> **What you have to do**: Only the tail of the listing is wanted: the line containing "Vector cartoon stick" and all after it, repeated exactly, pictures omitted.

> **The data**:
----------

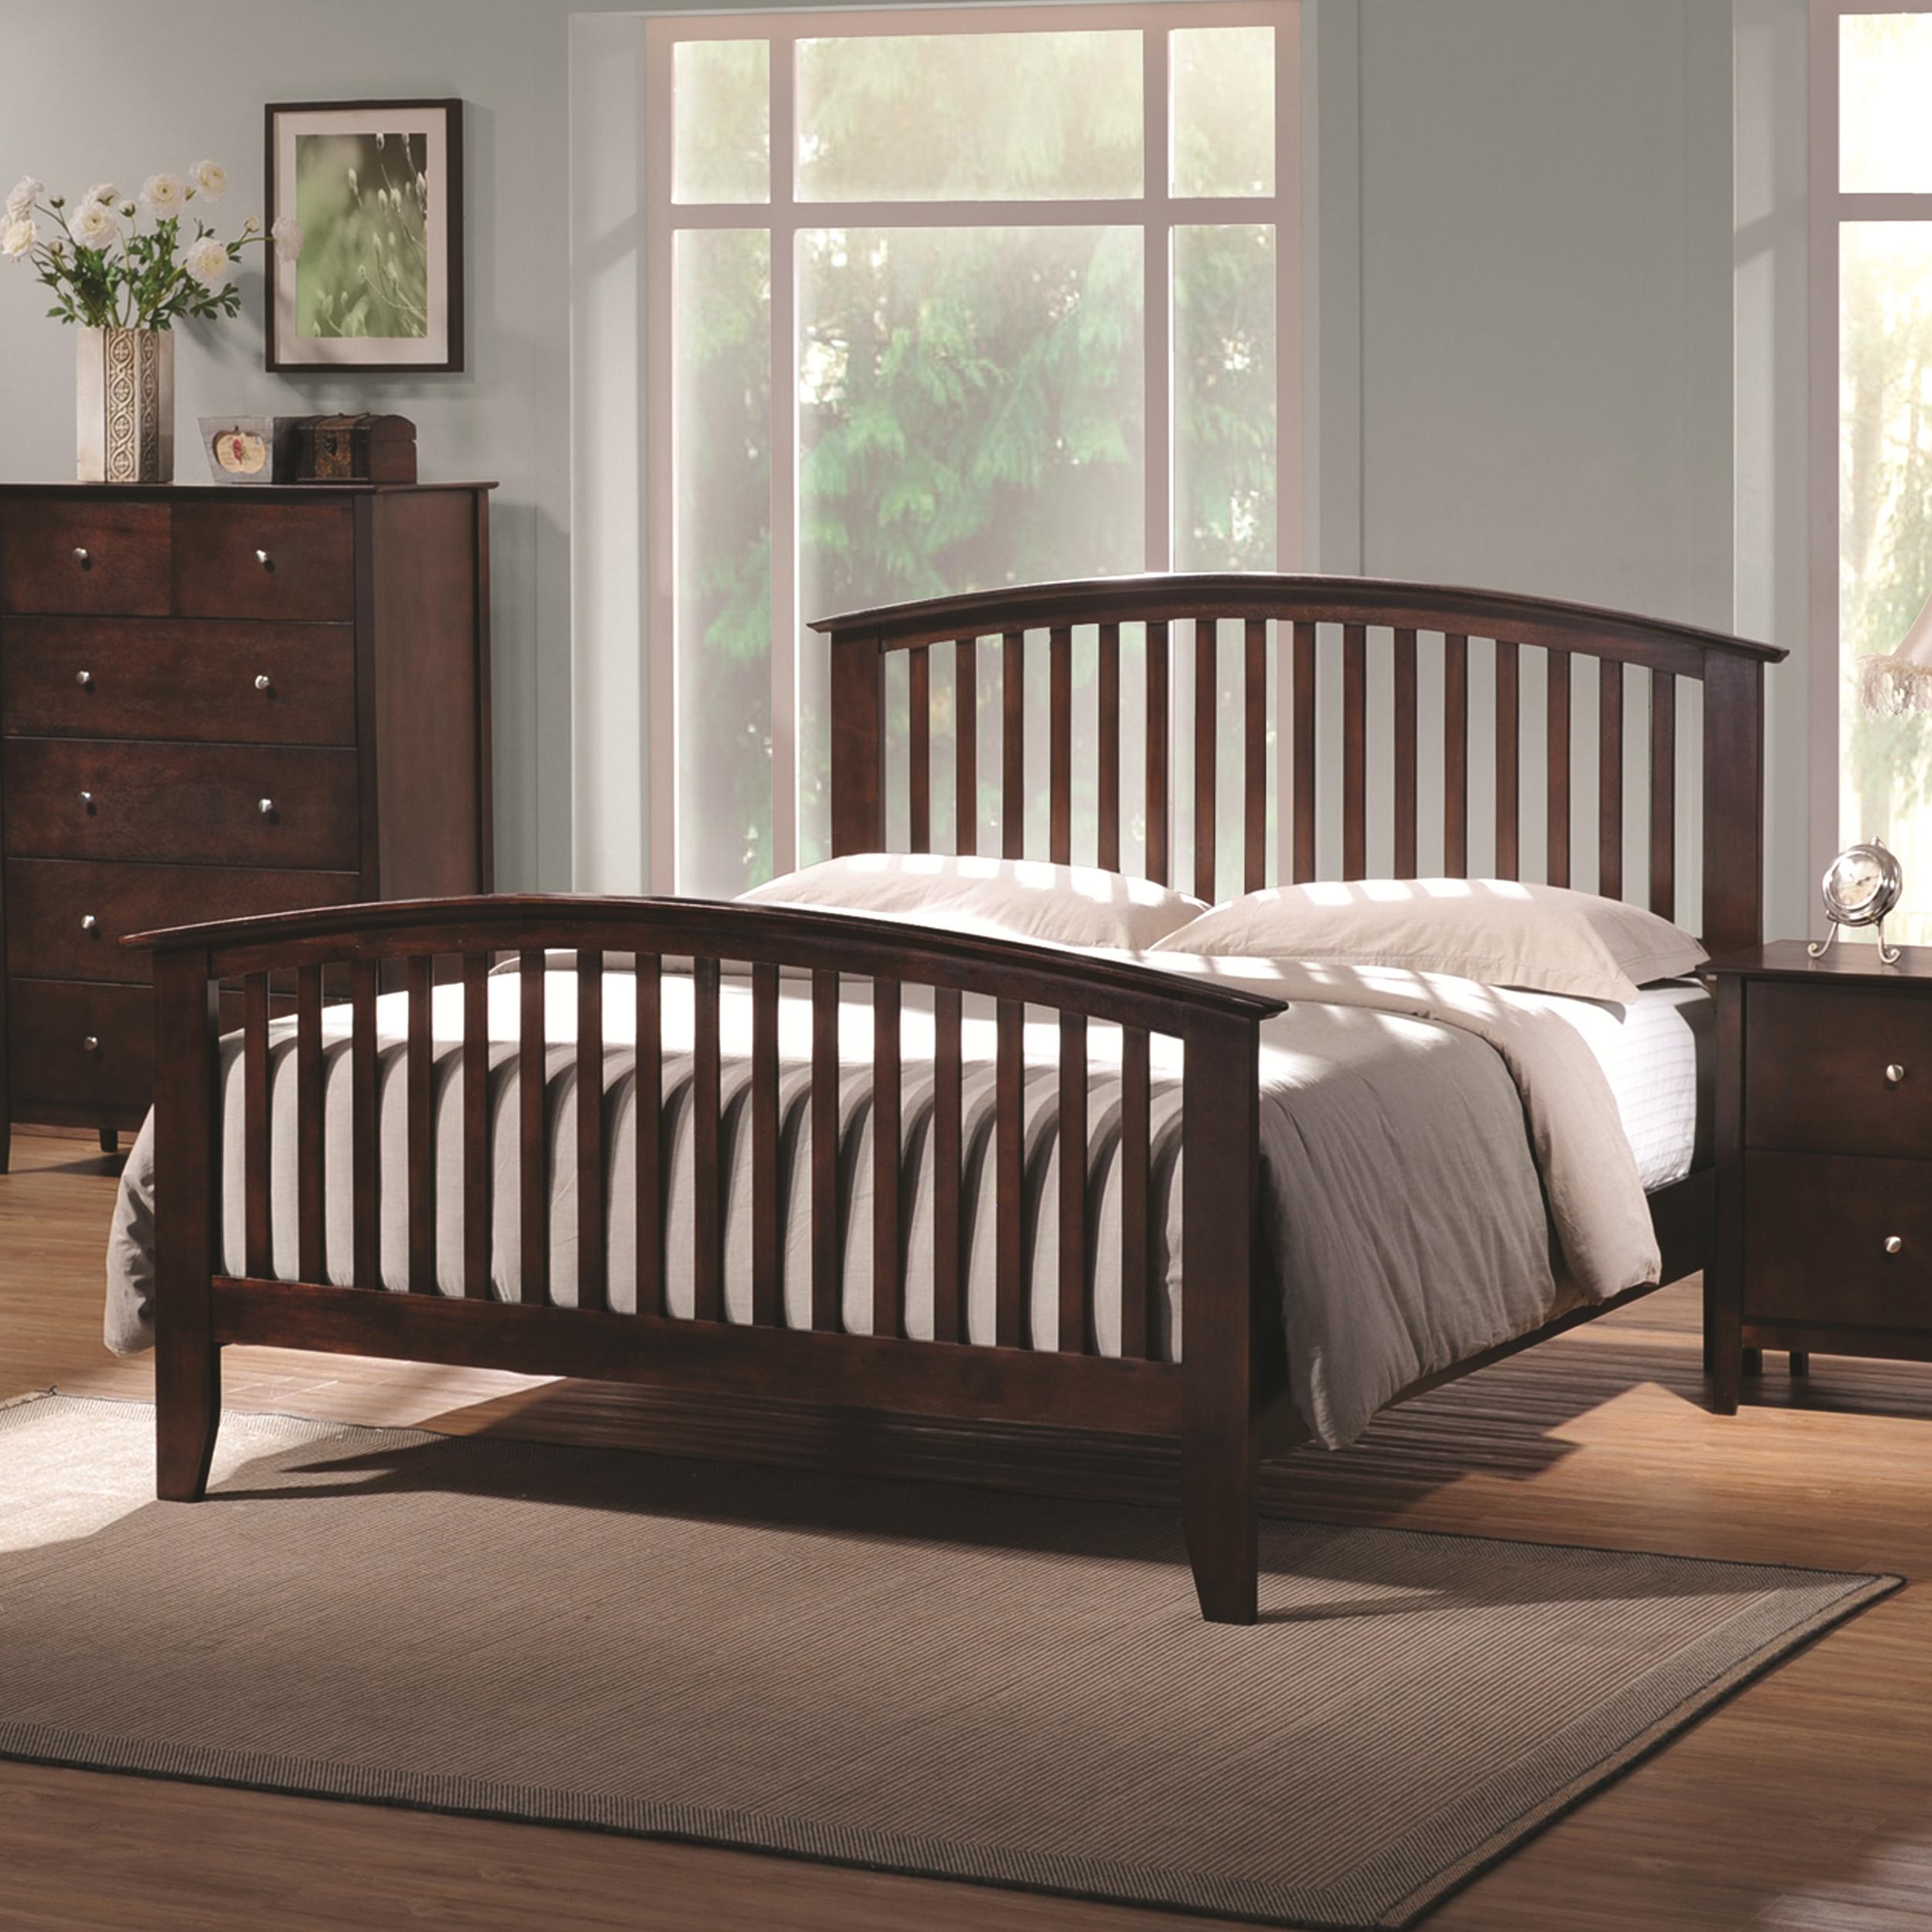 Coaster 202081q Tia Cappuccino Slatted Bed Available In Queen
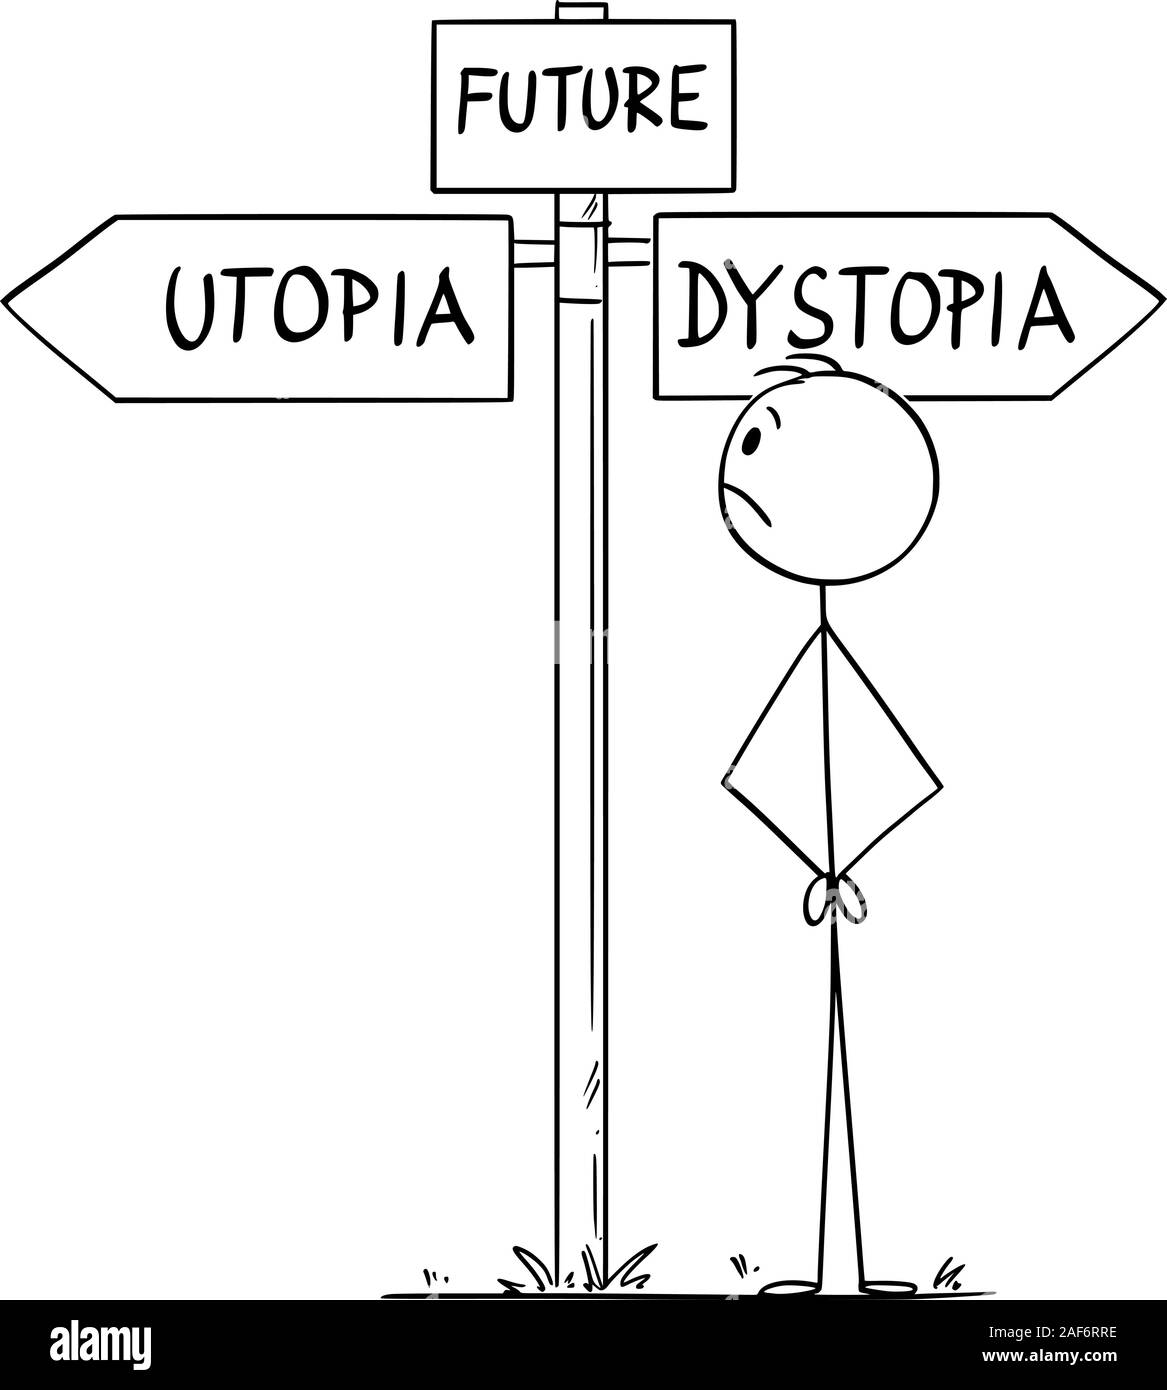 Vector cartoon stick figure drawing conceptual illustration of man standing on crossroad representing human civilization or mankind choosing the future between utopia and dystopia. Stock Vector
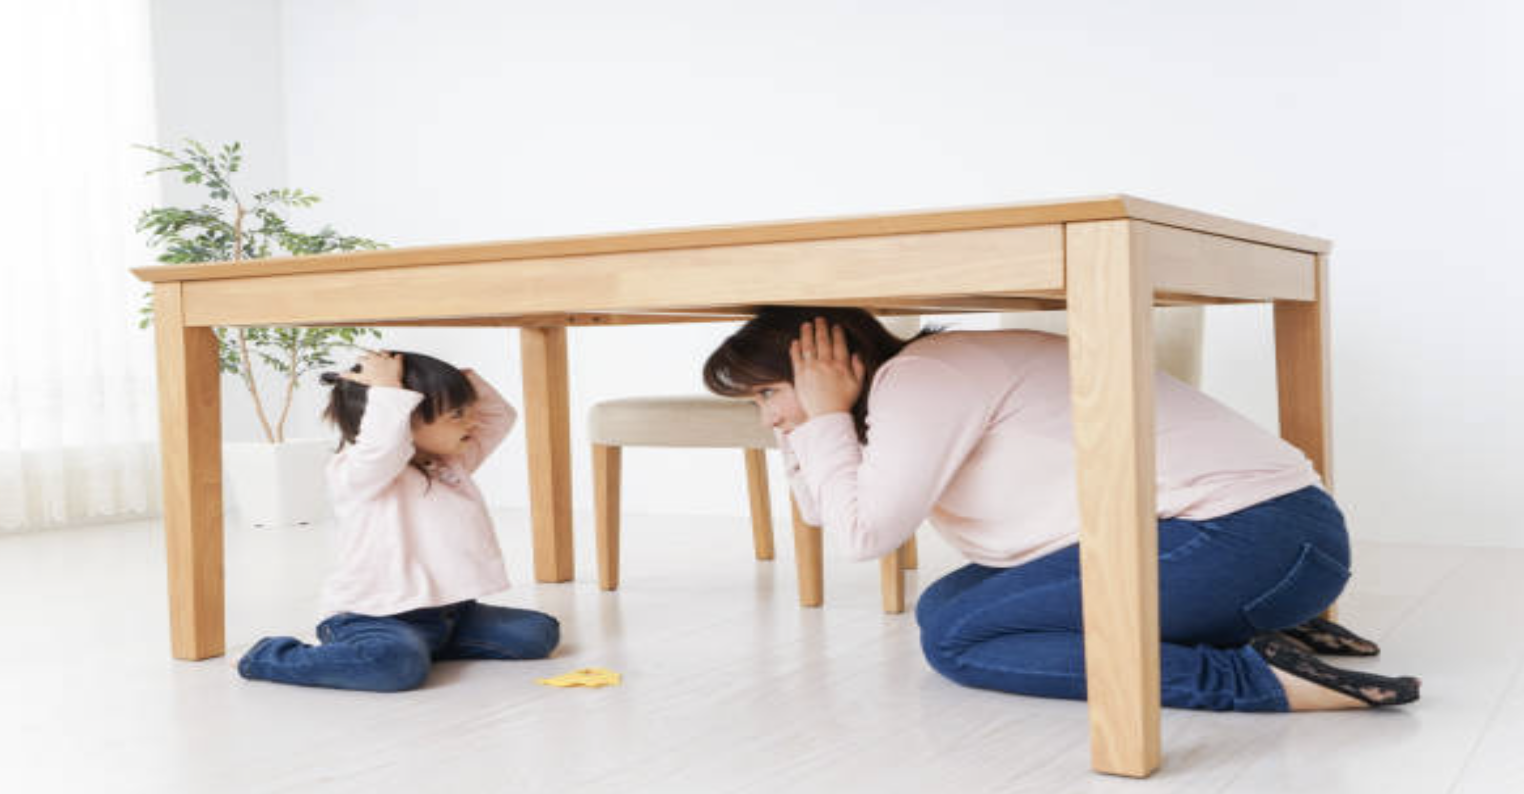 Child/woman under table

----------

> **Solved problem**:
 Vector cartoon stick figure drawing conceptual illustration of man standing on crossroad representing human civilization or mankind choosing the future between utopia and dystopia. Stock Vector
 Child/woman under table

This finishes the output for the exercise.